Saturday, 08 August 2015 09:46

Five Steps to Avoid Procrastination at Work

Thanks to Achiever, Charles Cleason from North London, for his Five Steps to Avoid Procrastination at Work

Start Your Day with a Schedule
Scheduling is crucial as vagueness opens the door to the sorts of fears, doubts and distractions that may lead to procrastination.
Ideally, you’ll know how to produce a manageable schedule that focusses on the most important tasks that need completing, not the easiest!. If not, at least come up with a easy schedule that states specifically what you're going to be doing or working on each hour of the day. Attempt to produce your schedule the night before so that the act of scheduling itself doesn't itself become a sort of procrastination.

Be Prepared
The Boy Scouts got this one right. Start your day with all the data, tools, and materials required to achieve your work right out there in front of you.
That signifies everything: books, paper files, PC files, phone numbers, writing implements, even paper clips. It ought to all be available, organized and in perfect working order. (Mobile phone charged? Pencils sharpened?)
Note: If, despite repeated tries, you're unable to show up for work scheduled and prepared, that might be a sign that you've a high level of dread that's causing you to procrastinate.

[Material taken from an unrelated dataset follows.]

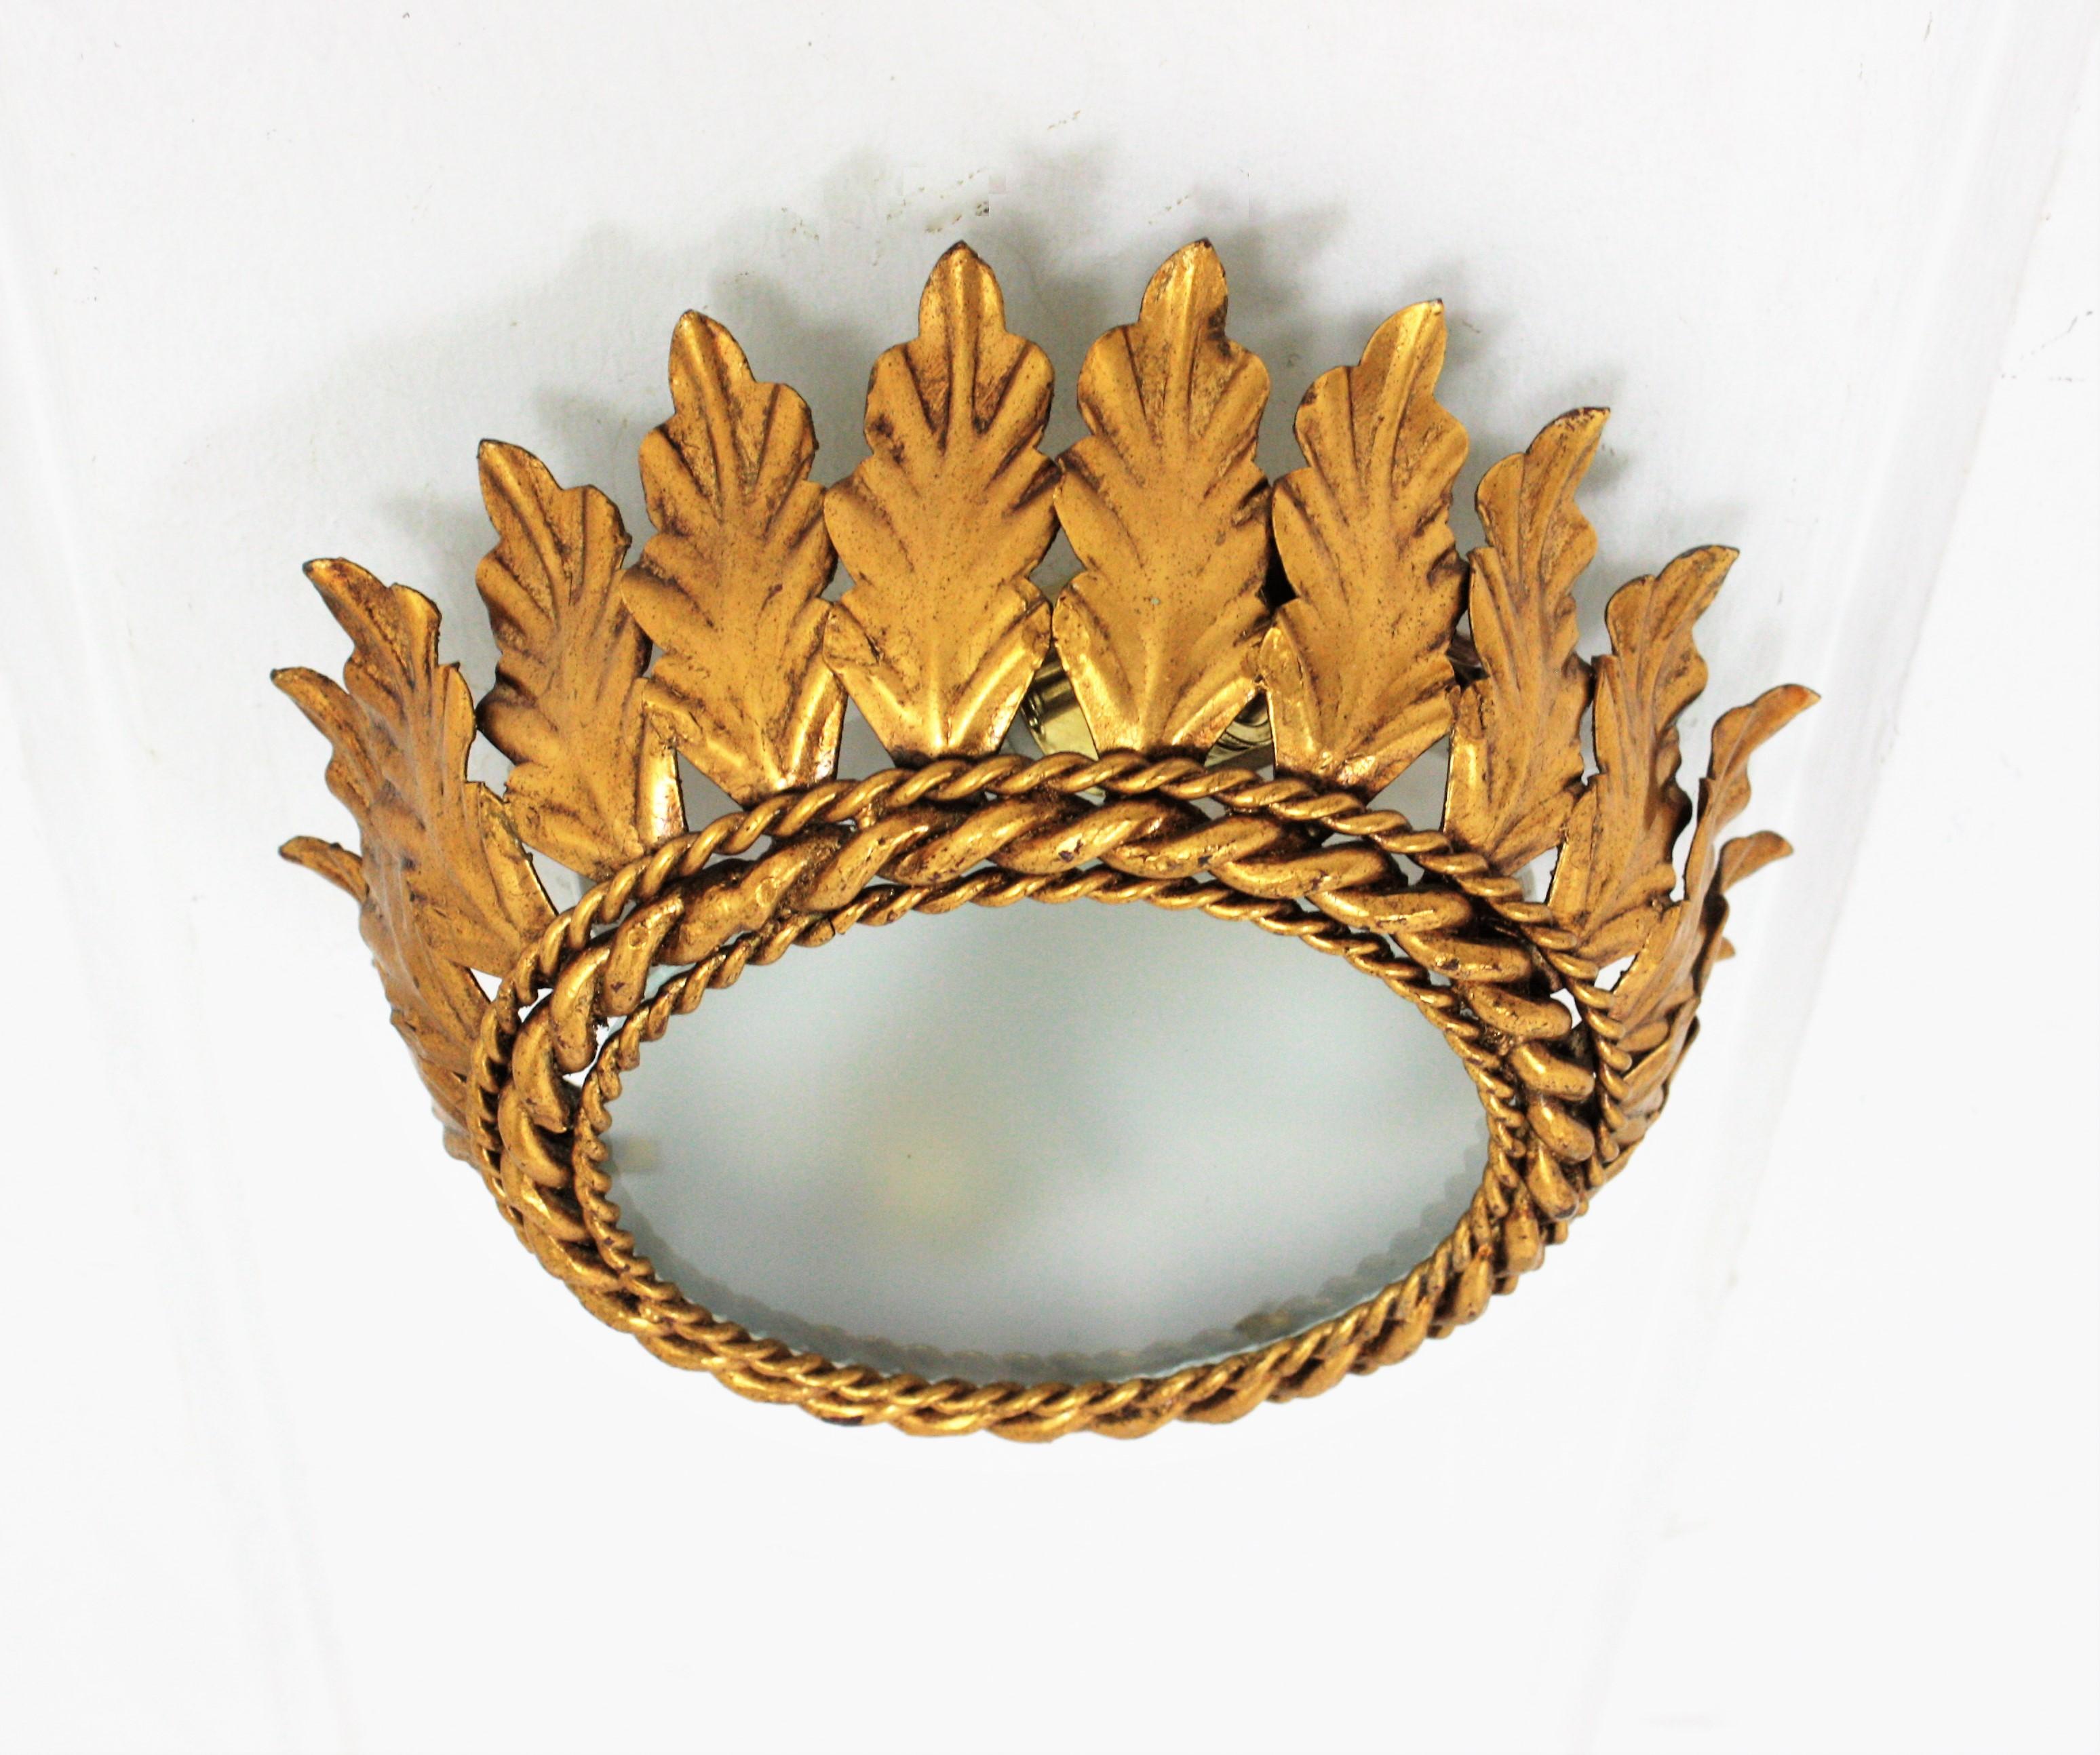 Neoklassizistische Revival vergoldeten Eisen blatt Krone bündig montiert mit Milchglas Schatten. Spanien, 1940er-1950er Jahre.
Handgefertigt in Spanien zur Zeit der Jahrhundertmitte aus handgehämmertem Metall mit Blattvergoldung. Es zeigt eine

Approach Your Work Without Hesitation
Show up to work on time, and get right to work on the right stuff
While practicing those actions, attempt not to hesitate. Hesitation gives your thoughts time to wander, and if you’ve got a procrastination habit, they'll frequently wander directly towards your dreads. (Now you comprehend the meaning of the proverb “he who hesitates is lost.”)
Rehearse gliding over to your desk and beginning your work with no hesitation.

Remain Calm
Strong emotions, ricochet you off your course. They likewise make it harder for you to stay centered on the present. Work, therefore, to stay calm as the clock ticks towards your start time. If you catch yourself feeling dread, anxiety or uncertainty, gently reassure yourself. (E.g., “I’m just going to write for 10 minutes – that’s all. Then I may take a break.”)
If necessary, put yourself in a little “trance” simply long enough for you to glide over to your desk and begin working, as our dreads are frequently strongest before we actually begin our work and disappear if we just persist for a couple of minutes.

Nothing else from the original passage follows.